My program has a mmap'ed file which is shared across threads and all operations are read only. Also my program creates large number of objects which are not shared across threads. (Specifically my program uses CRF++ library to do some querying). I am trying to figure out how to make my program perform better with multi threads. Call graph produced by CPU profiler of gperf tools shows that my program spends a lot of time (around 50%) of time in _L_unlock_16.
Searching web for _L_unlock_16 pointed to some bug reports with canonical suggesting that its associated with libpthread. But other than that I was not able to find any useful information for debugging.
A brief description of what my program does. I have few words in a file (4). In my program I have a processWord() which processes a single word using CRF++. This processWord() is what each thread executes. My main() reads words from the file and each threads runs processWord() in parallel. If I process a single word(hence only 1 thread) it takes 250ms and so if I process all 4 words(and hence 4 threads) I expected it to finish by same time 250 ms, however as I mentioned above it's taking around 900ms.
This is the callgraph of the execution - https://www.dropbox.com/s/o1mkh477i7e9s4m/cgout_n2.png
I want to understand why my program is spending lot of time at _L_unlock_16 and what I can do to mitigate it.

Yet again the _L_unlock_16 is not a function of your code. Have you looked at the stracktraces above that function? What are the callers of it when the program waits? You've said that the program wastes 50% waiting inside. But, which part of the program ordered that operation? Is it again from memory alloc/dealloc ops?
The function seems to come from libpthread. Does CRF+ handle threads/libpthread in any way? If yes, then maybe the library is illconfigured? Or maybe it implements some 'basic threadsafety' by adding locks everywhere and simply is not built well for multithreading? What does the docs say about that?

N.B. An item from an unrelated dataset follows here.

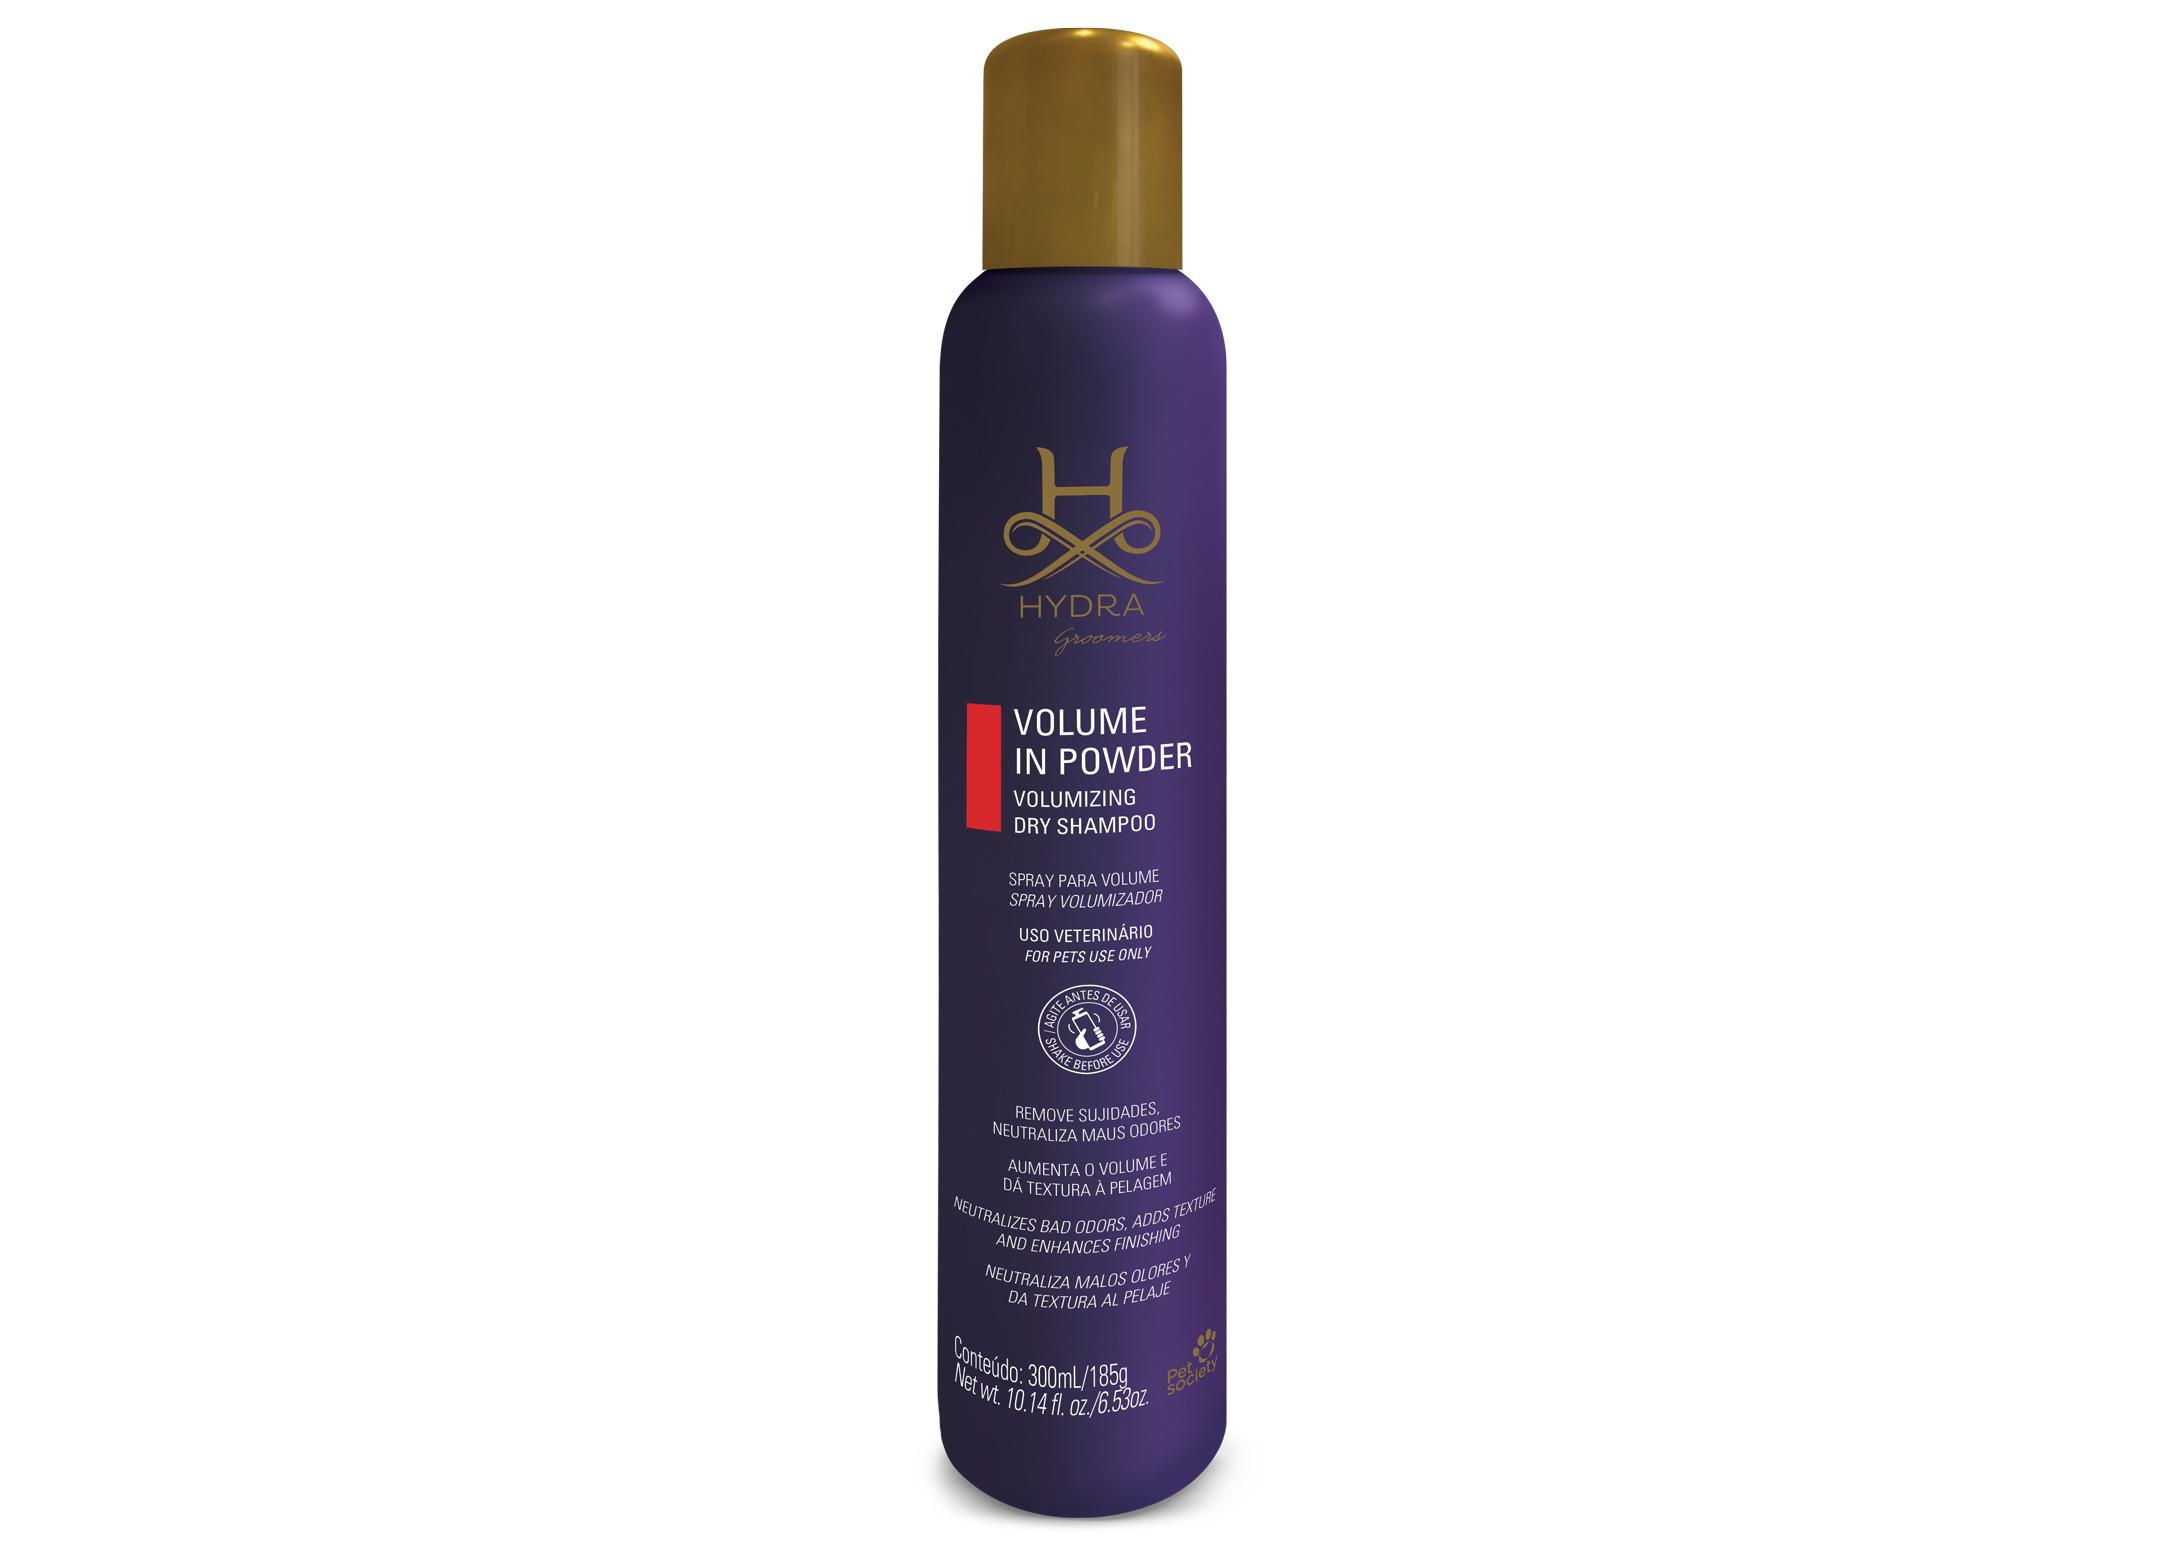 Hydra Volume in Powder spray 300 ml - Volume droogshampoo

Personally, I'd guess that it ignores threads and that you have added all the threading. I may be wrong, but if that's true, then the CRF++ probably will not call that 'unlock' function at all, and the 'unlock' is somwhow called from your code that orchestrates the threads/locks/queues/messages etc? Halt the program a few times and look at who called the unlock. If it really spends 50% sitting in the unlock, you will very quickly know who causes the lock to be used and you will be able to either eliminate it or at least perform a more refined research..
EDIT #1:
Eh.. when I said "stacktrace" I meant stacktrace, not callgraph. Callgraph may look nice in trivial cases, but in more complex ones, it will be mangled and unreadable and will hide the precious details into "compacted" form.. But, fortunatelly, here the case looks simple enough.
Please observe the beginning: "Process word, 99x". I assume that the "99x" is the call count. Then, look at "tagger-parse": 97x. From that:
61x into rebuildFeatures from which 41x goes right into unlock and 20(13) indirectly into it
23x goes to buildLattice fro which 21x goes into unlock
I'd guess that it was the CRF++ uses locking quite heavily. For me, it seems that you simply observe the effects of CRF's internal locking. It certainly is not lockless internally.

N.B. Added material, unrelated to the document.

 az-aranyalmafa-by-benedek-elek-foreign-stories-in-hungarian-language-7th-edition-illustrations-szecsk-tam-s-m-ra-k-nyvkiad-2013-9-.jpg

It seems to lock at least once per "processWord". It's hard to say without looking at code (is it opensource? I've not checked..), from stacktraces it would be more obvious, but IF it really locks once per "processWord" that it could even be a sort of a "global lock" that protects "everything" from "all threads" and causes all jobs to serialize. Whatever. Anyways, clearly, it's the CRF++'s internals that lock and wait.
If your CRF objects are really (really) not shared across threads, then remove threading configuration flags from CRF, pray that they were sane enough to not use any static variables nor global objects, add some own locking (if needed) at the topmost job/result level and retry. You should have it now much faster.
If the CRF objects are shared, unshare them and see above.
But, if they are shared behind the scenes, then there's little doable. Change your library to a one that has a better threading support, OR fix the library, OR ignore and use it with current performance.
The last advice may sound strange (it works slowly, right? so why to ignore it?), but in fact is the most important one, and you should try it first. If the parallel tasks have similar "data profile", then there is very probable that they will try to hit the same locks in the same approximate moment of time. Imagine a medium-sized cache that holds words sorted by its first letter. At the toplevel there's array of, say, 26 entries. Each entry has a lock and a list of words inside. If you run 100 threads that will each first check "mom" then "dad" then "son" - then all of that 100 threads will first hit and wait for each other at "M", then at "D" then at "S". Well, approximately/probably of course. But you get the idea. If the data profile were more random then they'd block each other far less. Mind that processing ONE word is a .. small task and that you try to process the same word(s). Even if the internal CRF's locking is smart, it is just bound to hit the same areas. Try again with a more dispersed data.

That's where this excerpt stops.